Дмитрий Леонтьев - Охотники за удачей
Шерстнев невольно покосился на стенной шкаф, на окно и нервно рассмеялся:
— Бред… У меня отличная охрана и отличная техника, исключающая возможность прослушивания… Просто ты хочешь поднять цену за информацию. Что ты знаешь, и что ты за это хочешь?
— Я знаю, где его логово, — сказал Радченко. — Но за это я ничего не хочу… кроме его головы. Он был причиной смерти не только ваших людей и Капитана, но он послужил причиной огромных неприятностей для моего начальника и для меня самого…
— Степка Алешников? — удивился Шерстнев. — А он-то при чем?
— Нет… Другого начальника. Вы его не знаете, да это и не важно. Важно то, что у него теперь такие неприятности, что если он выберется из них живым — будет чудо. У меня неприятности не меньшие. Потому-то я и хочу получить его голову не меньше, чем вы. Не только он может играть роль «бога из машины», я тоже кое-что умею.

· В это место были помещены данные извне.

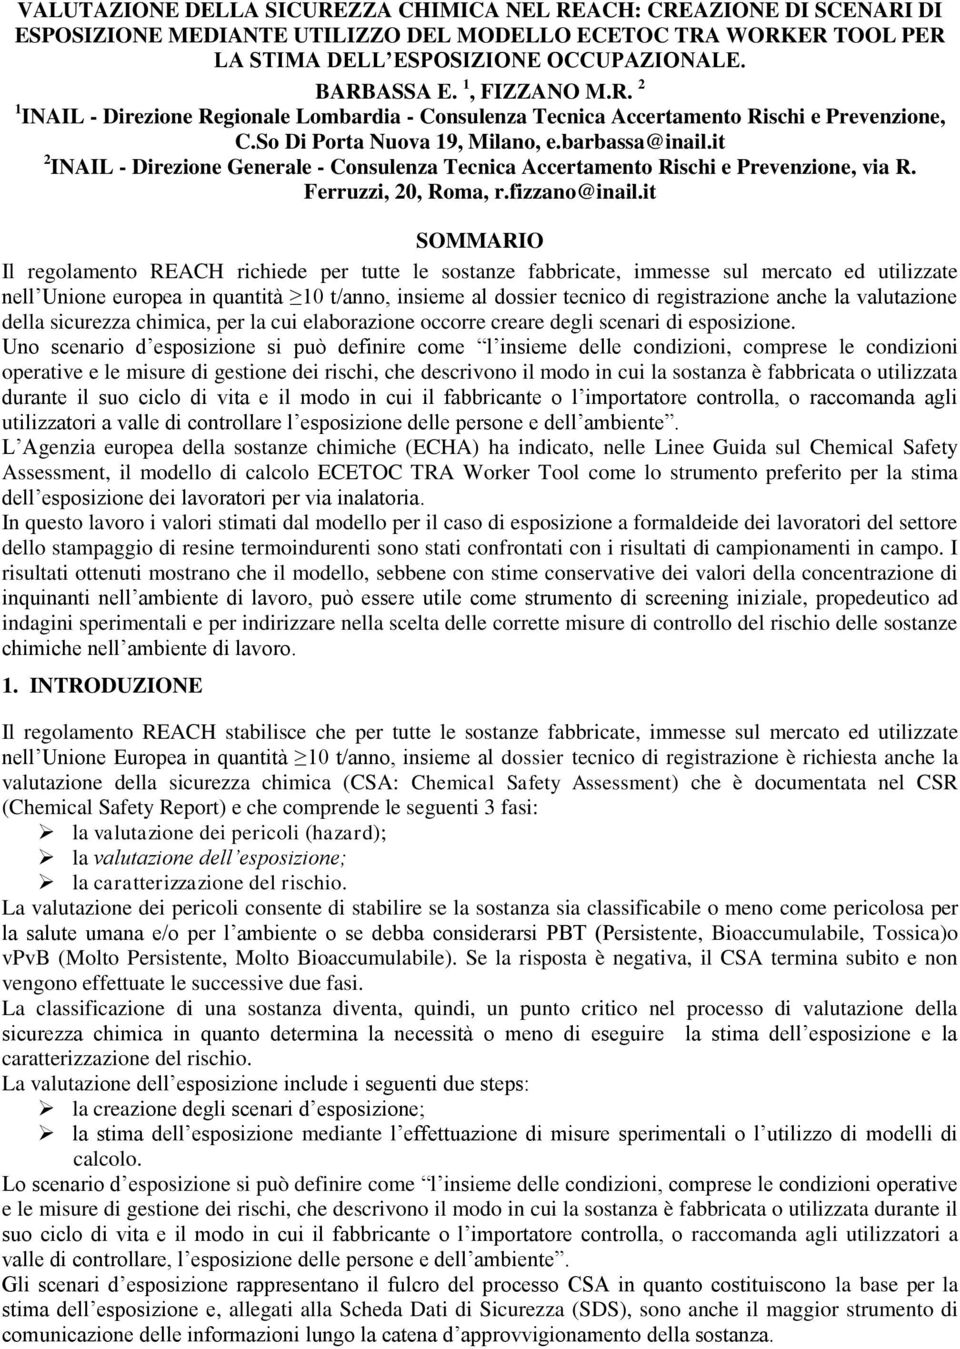 it 2 INAIL - Direzione Generale - Consulenza Tecnica Accertamento Rischi e Prevenzione, via R. Ferruzzi, 20, Roma, r.fizzano@inail.
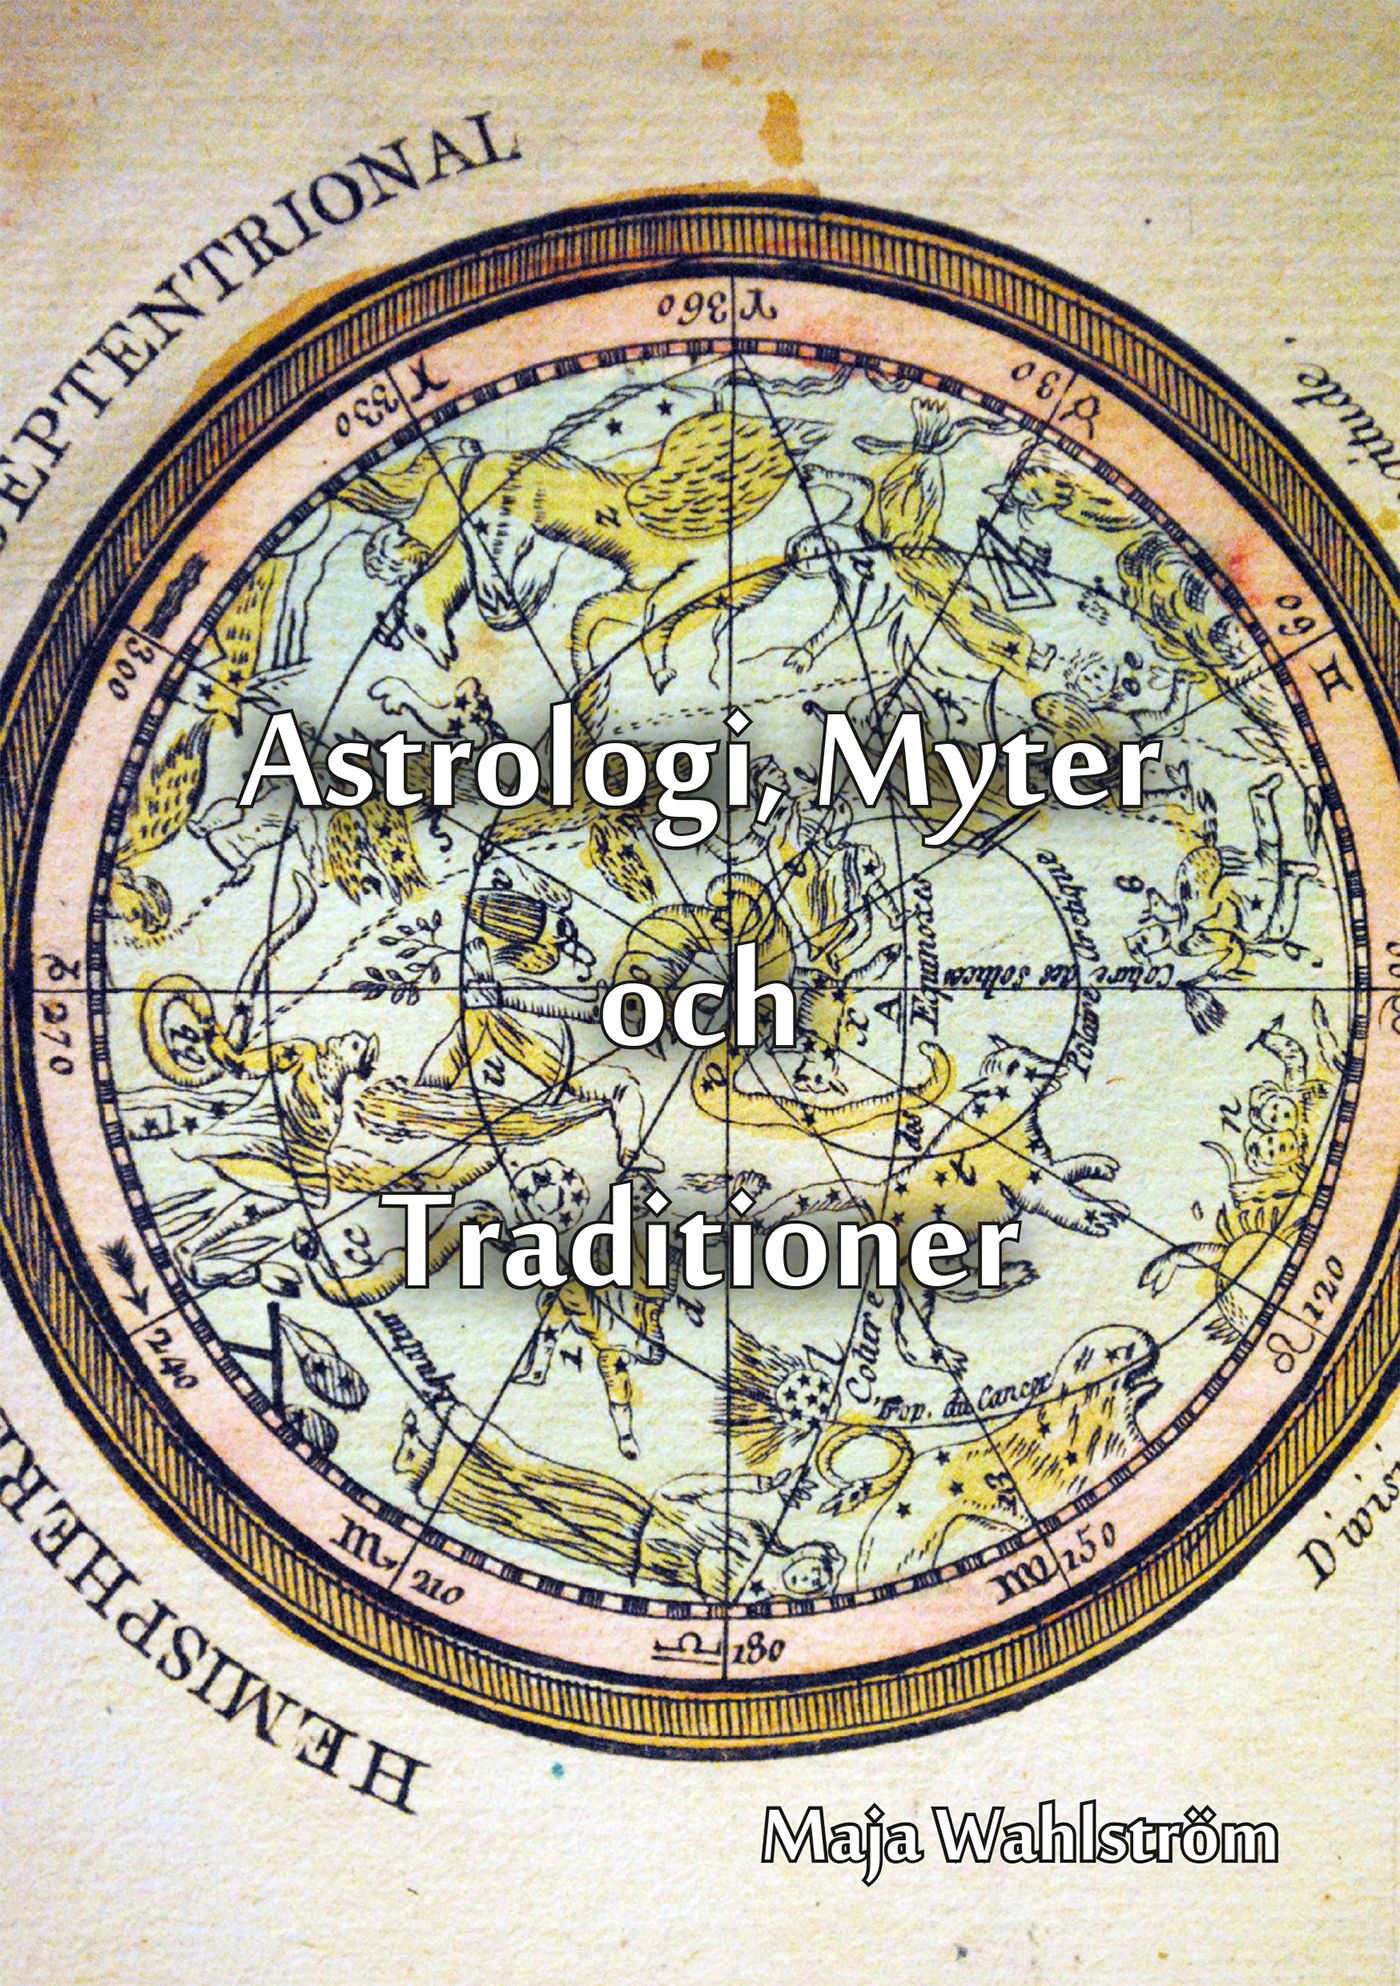 Astrologi, Myter och Traditioner, eBook by Maja Wahlström

Я покажу вам, где найти Лихолита, и помогу вам расправиться с ним.
— Интересный ты гардеробщик, — прищурился Шерстнев. — Но меня это не будет волновать, если ты действительно поможешь нам… Но если ты попытаешься нас обмануть или подставить — ты сдохнешь первым. И смерть эта будет нелегкой.
— Я согласен, — кивнул Радченко. — Лихолит находится в доме художника Ключинского. Там же обитают и два других человека, которых вы рады будете видеть: Врублевский и Сидоровский. А так же дочь Бородинского, и одна дешевая проститутка по фамилии Устенко. Отлично! — Шерстнев даже стукнул кулаком по столу от избытка чувств. — Отлично! Я раздавлю сразу все осиное гнездо. Ты уверен, что они еще там?
— Да. Я видел Лихолита в компании с Врублевским, установил все связи последнего, просчитал все возможные места, где он может скрываться, проверил их и нашел всю компанию. Я лично видел их там.
— Тогда едем! Срочно! — вскочил Шерстнев. — И всех — в одну могилу. Там же.
— Нет, — решительно отверг Радченко. — С Лихолитом такие «ляпусы» не проходят. Не сможете вы его взять. Он уйдет, и второго шанса вам уже не предоставится. Его нужно давить наверняка. Со стопроцентной гарантией. Я тут кое-что прикинул… Думаю, что из этих ловушек он уже не выберется. Он перехитрил сам себя. Не дам я ему вести свою линию и играть по его правилам. Теперь он будет играть по моим правилам.
— Хорошо, предположим, я готов тебя выслушать, — согласился Шерстнев. — И если мне это понравится… Считай, что я буду у тебя в долгу. А такие люди, как я, долго должниками не остаются. Сочтемся. Найдем способ. Итак, я слушаю твои предложения…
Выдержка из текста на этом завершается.